[R] eigenvalues for a sparse matrix
Tamas Papp
tpapp at axelero.hu
Wed Apr 7 11:44:20 CEST 2004
Hi,
I have the following problem. It has two parts.
1. I need to calculate the stationary probabilities of a Markov chain,
eg if the transition matrix is P, I need x such that
xP = x
in other words, the left eigenvectors of P which have an eigenvalue of
one.
Currently I am using eigen(t(P)) and then pick out the vectors I need.
However, this seems to be an overkill (I only need a single vector!)
and takes a lot of time -- P is 1176 x 1176! Is there a faster way?
2. In fact, P has a structure: it comes from the solution of a
discrete dynamic optimzation problem.
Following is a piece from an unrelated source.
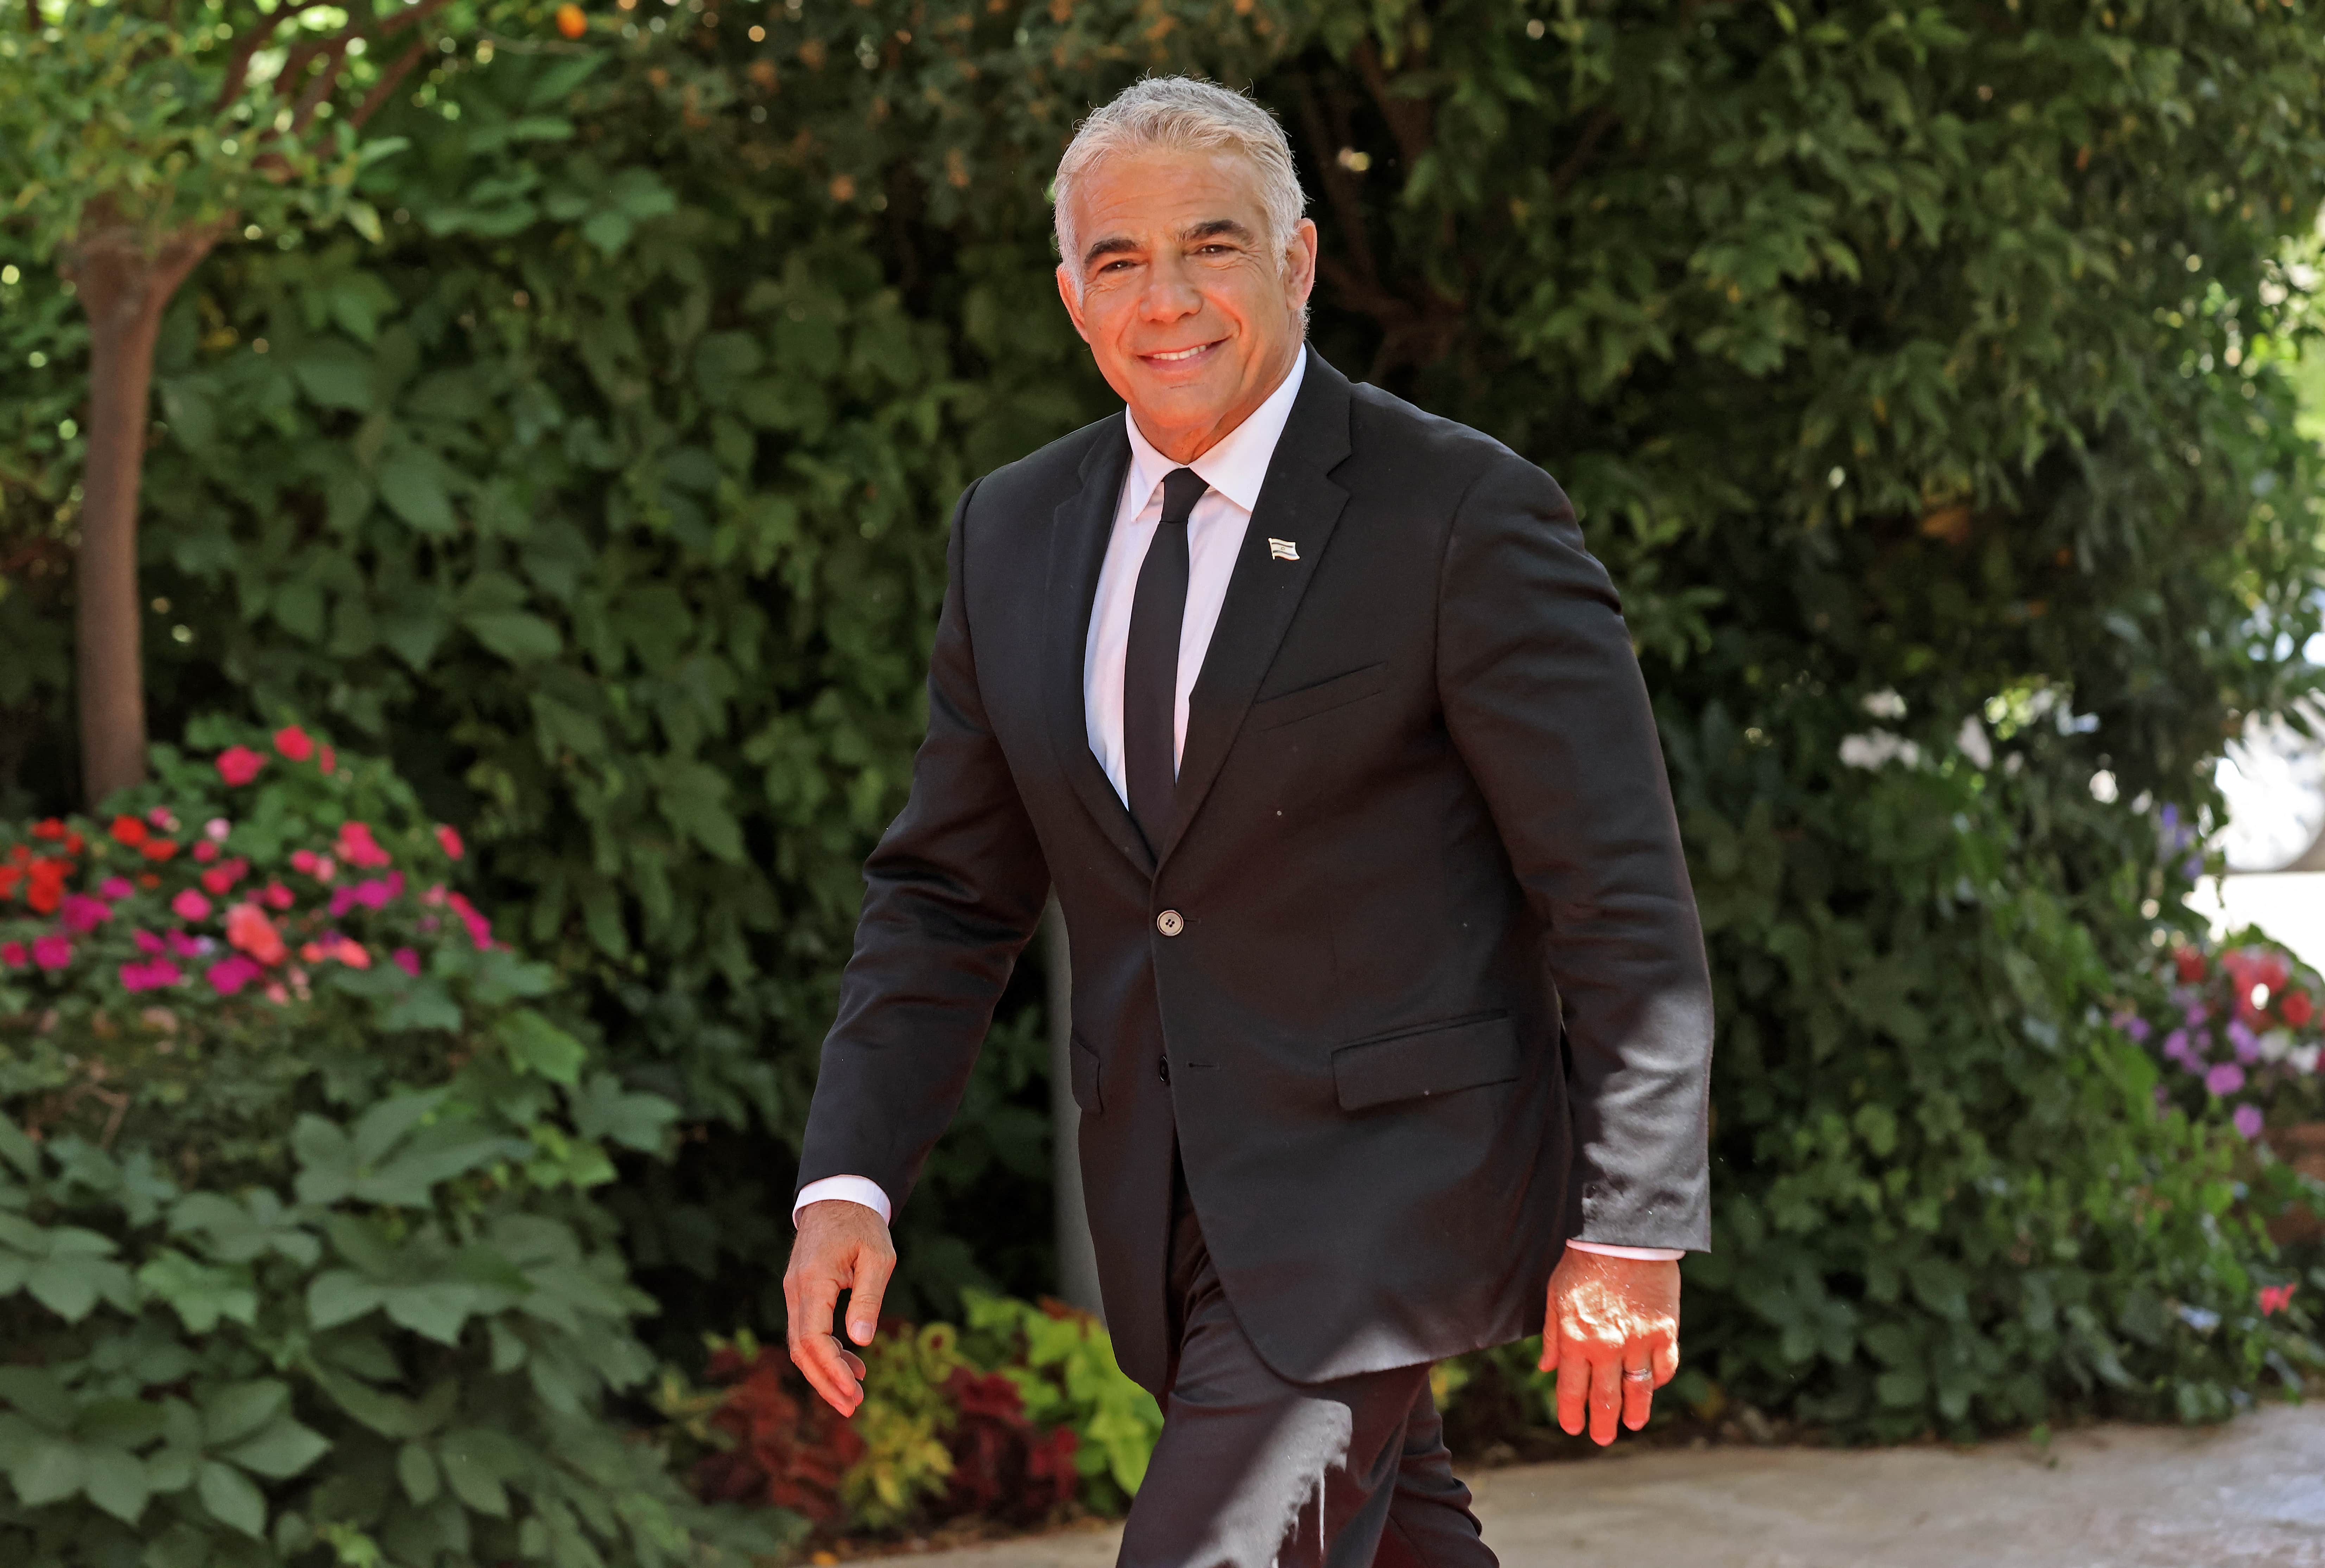 Leader of Israel's Yesh Atid party Yair Lapid arrives to the President's residence in Jerusalem for a picture, on June 14, 2021, a day after a new coalition government was voted in. (AFP)

There are exogenous (X) and
endogenous (N) states, and I have a policy function X x N -> N, which
gives the choice of the agent for any (x,n) in (X,N). X has an
exogenous transition matrix. I use the following function to build
the "global" transition matrix:
globalTransition <- function(U, modelenv) {
G <- matrix(0, modelenv$Nn*modelenv$Xn, modelenv$Nn*modelenv$Xn)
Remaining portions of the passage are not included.